----- Original Message -----
From: "Fred Baker" <fred(_at_)cisco(_dot_)com>
To: "Steven M. Bellovin" <smb(_at_)cs(_dot_)columbia(_dot_)edu>
Cc: "Iljitsch van Beijnum" <iljitsch(_at_)muada(_dot_)com>;
Sent: Monday, October 02, 2006 3:20 PM
Subject: Re: Last Call: 'Key Change Strategies for TCP-MD5' to
From my perspective, this draft sounds a lot like what Ran and I
wrote for RIP key rollover a long time ago, but it is stated in
simpler language. I like it from that perspective, and would suggest
that it be generalized away from being specific to TCP-MD5, and made
available to any such procedure (including IPSEC and others) that
might include it by reference.
I would suggest that a key in the list actually has two timestamps
(virtual or actual)
Depending on how the policy model defines 'virtual timestamps' - they by
that may need more actual data in the 'stamp' itself than a single signed or
secured point in time.
associated with it - a point in time where the
sender should start using it, and a point in time at which the key
should be deleted from the list (eg neither send nor accept).
You need one for the creation of the KEY too. You actually want three at
minimum and if the KEY is to be allowed a period of validity sometimes four
time stamps can be useful for specifying that range.
biggest problem I see in the algorithm as stated is that only one key
is ever in use - when the sender starts sending the new key, it stops
using the old key, and if the other guy hasn't been configured with
it yet (as Iljitsch supposes) the connection immediately goes plop.
What one wants to happen is more like the following.
Consider two systems interconnected by some protocol - an IPSEC SA,
TCP, whatever.
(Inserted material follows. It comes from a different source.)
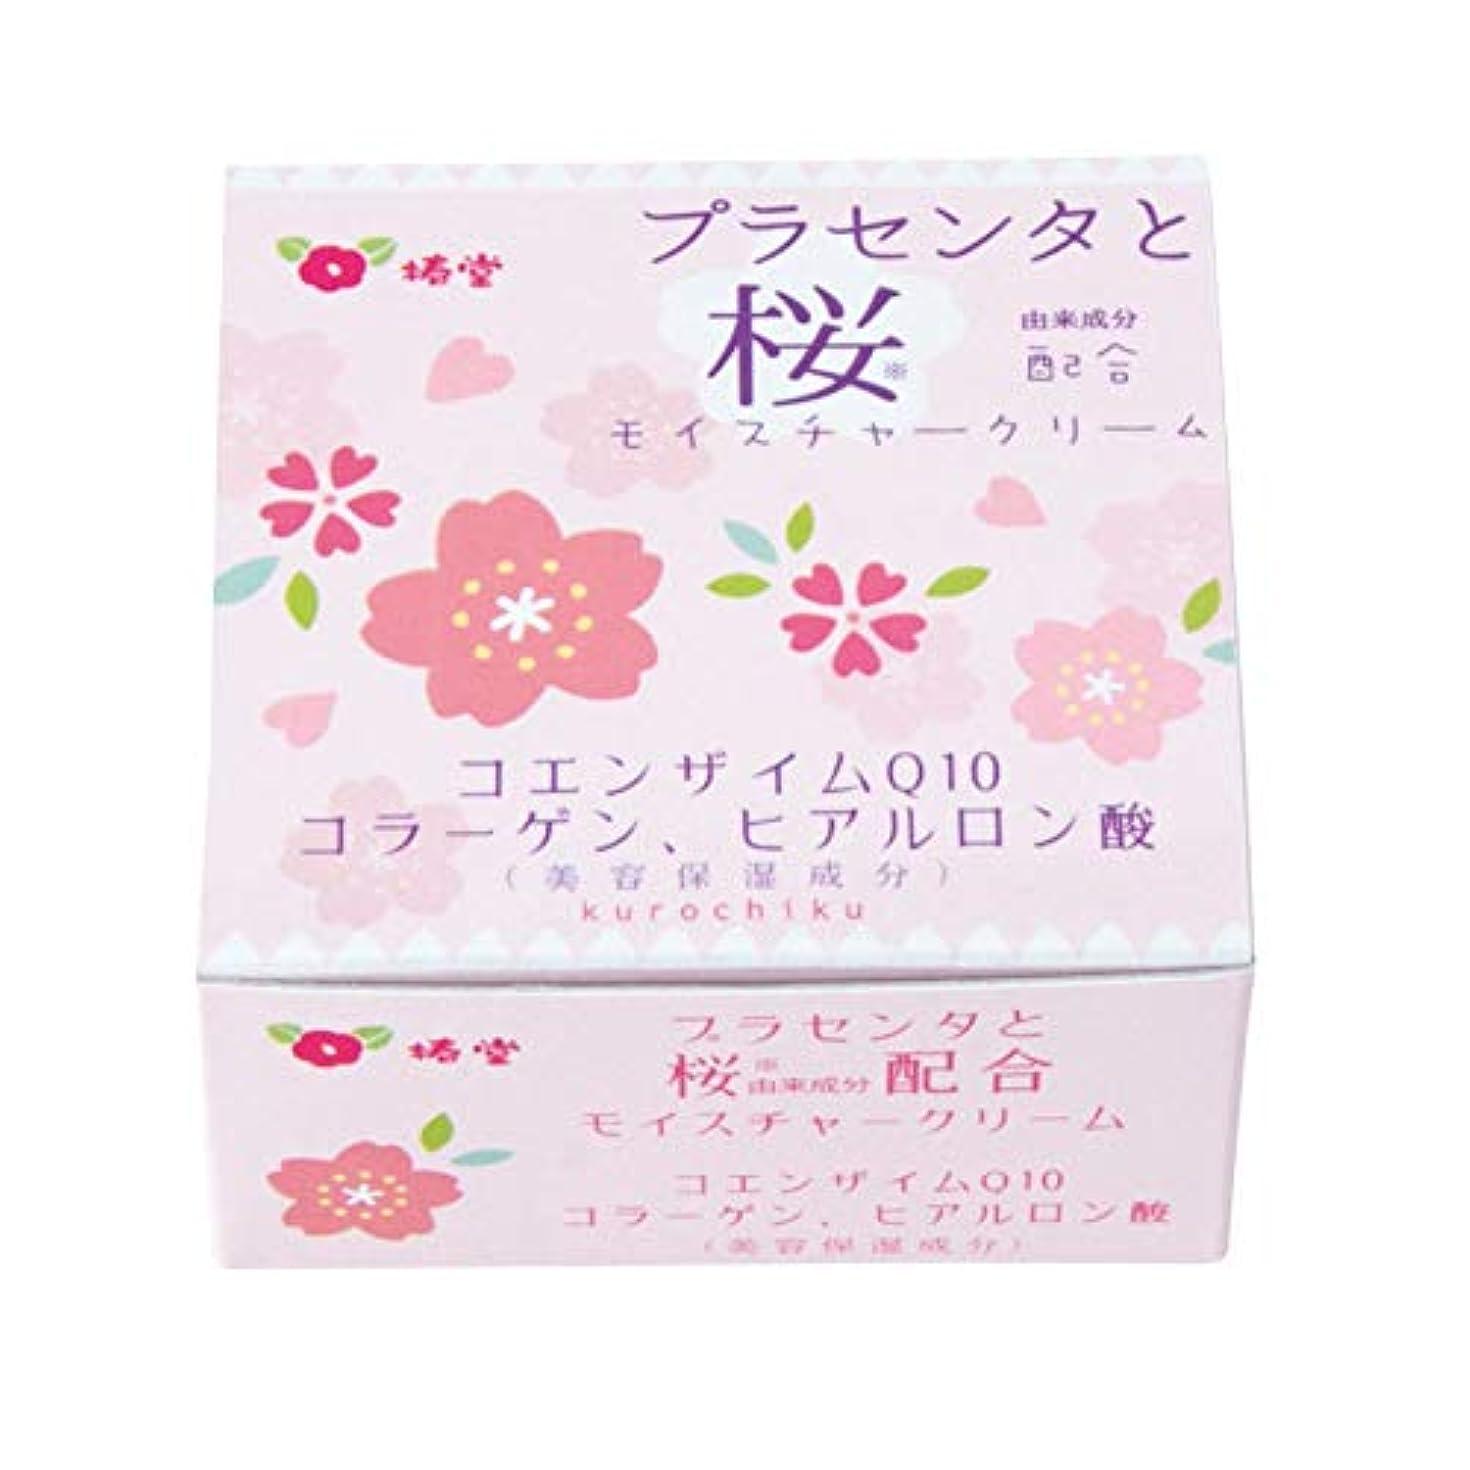 家禽市の花懇願する椿堂 桜モイスチャークリーム (プラセンタと桜) 京都くろちく

Let's call them Alice and Bob, and assume that all
statements made about Alice and Bob are true of Bob and Alice - basic
Alice has a list of keys consisting of some number of tuples - a key,
a start date/time, and a delete date/time. Alice considers a key in
the list to be "active" if its start time is in the past and its
"delete" time is in the future. Bob has a similar list. In
implementation, Alice may have one master list or separate lists per
authorized peer - not my problem.
Whenever Alice sends a message (a TCP segment, a datagram within a
IPSEC SA, whatever) to Bob, she sends the message as many times as
necessary to use all active keys. In other words, if there are two
active keys and she is using them for TCP, she sends the same TCP
segment twice, once signed with one key and again signed with the
other. One hopes that in the general case there is only one active
key, and during a roll-over interval, there are two.
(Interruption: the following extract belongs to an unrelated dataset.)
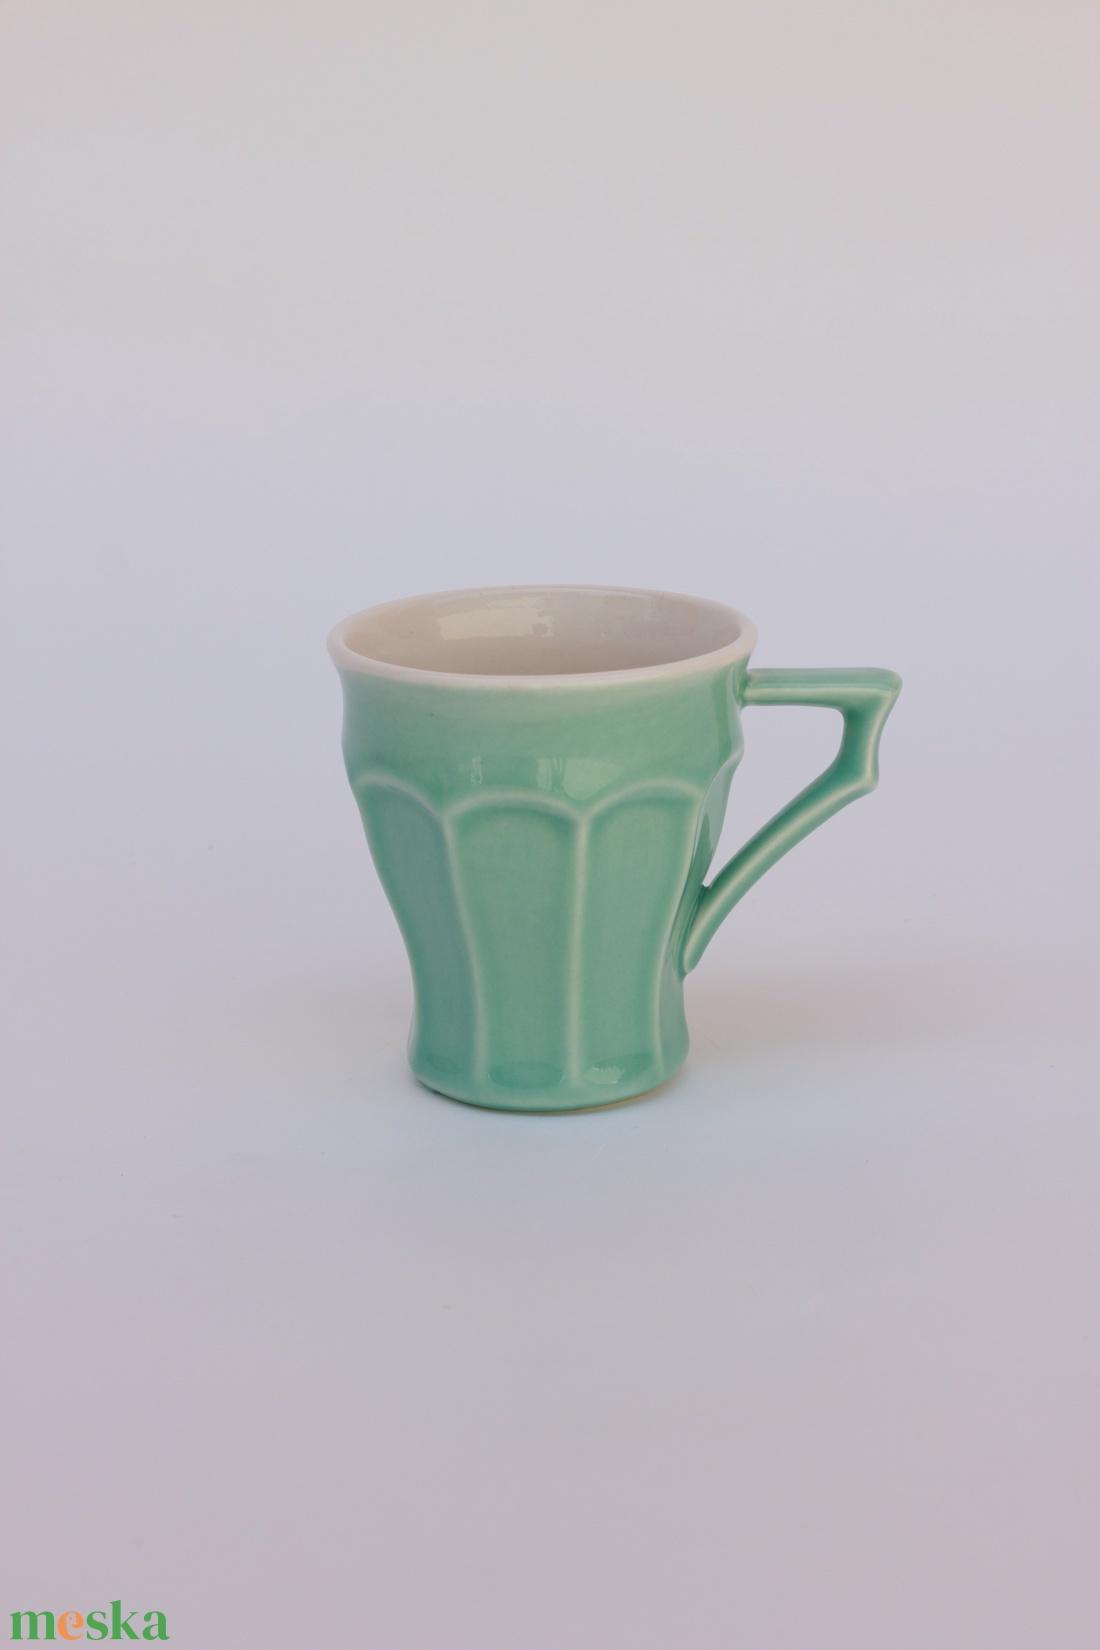 yutta 1,5 dl-es füles félporcelán kávés csésze (yuttadesign) - Meska.hu

When Bob receives such messages, he checks them against all keys
deemed to be active, and discards those that he doesn't accept.
In the general case, there is only one active key and they agree on
it, so things work. During key rollover, there is presumably a period
during which only Alice believes that there are two active keys, a
period in which only Bob believes there are two active keys, and a
period during which both Alice and Bob believe that there are two
keys active. While Alice believes that there are two keys active, she
will duplicate every relevant messages she sends. For the purposes to
which we put TCP-MD5, one would expect that this should not be a
heavy load, in either computation or bandwidth. Following your MRU
algorithm, Bob's workload increases while both believe that there are
two active keys, but that goes away when Alice stops sending using
the old key.
An optimization could be done in Alice - if Alice believes that there
are two active keys and is sending with both the new and the old, and
accepts a message using the new key from Bob, she could decide that
she no longer needs to send using the old. Stated more generally (N
active keys, one of which is "old"), should Bob start using (and
therefore Alice start receiving from Bob) an active key other than
old key, Alice stops sending using the N-1 other keys and only uses
the new key that Bob "selected".
I think the "delete" timer addresses the security issues ("what if
Bob never gets it sorted out - should we still trust him?"). The
duplicate traffic during the inevitable rollover period in which the
two disagree on state addresses the operational issues that Iljitsch
raised ("what if Alice starts sending at a time that Bob is unable or
unwilling to receive using the new key - I don't want to lose
connectivity through a misconfiguration"). The proposed optimization
is unnecessary but attractive, especially if one is asking "but what
about the duplicate traffic - isn't that a problem?". Traffic
duplication can in this way be limited to a few messages in the
immediate vicinity of the key rollover event, ideally within an RTT.
Imagine both Alice and Bob decided a new key was active
simultaneously - to the microsecond. I should think that the next
time one of them sent a TCP segment, he/she would send two, the Ack
would go back using the new key, and it would be over. More
realistically, the duplicate traffic might last for a few seconds,
perhaps a few minutes, or (Iljitsch's time zone question) an hour.
But one could configure an overlap period of 12 hours, and know that
it would be contained to as small an interval as possible.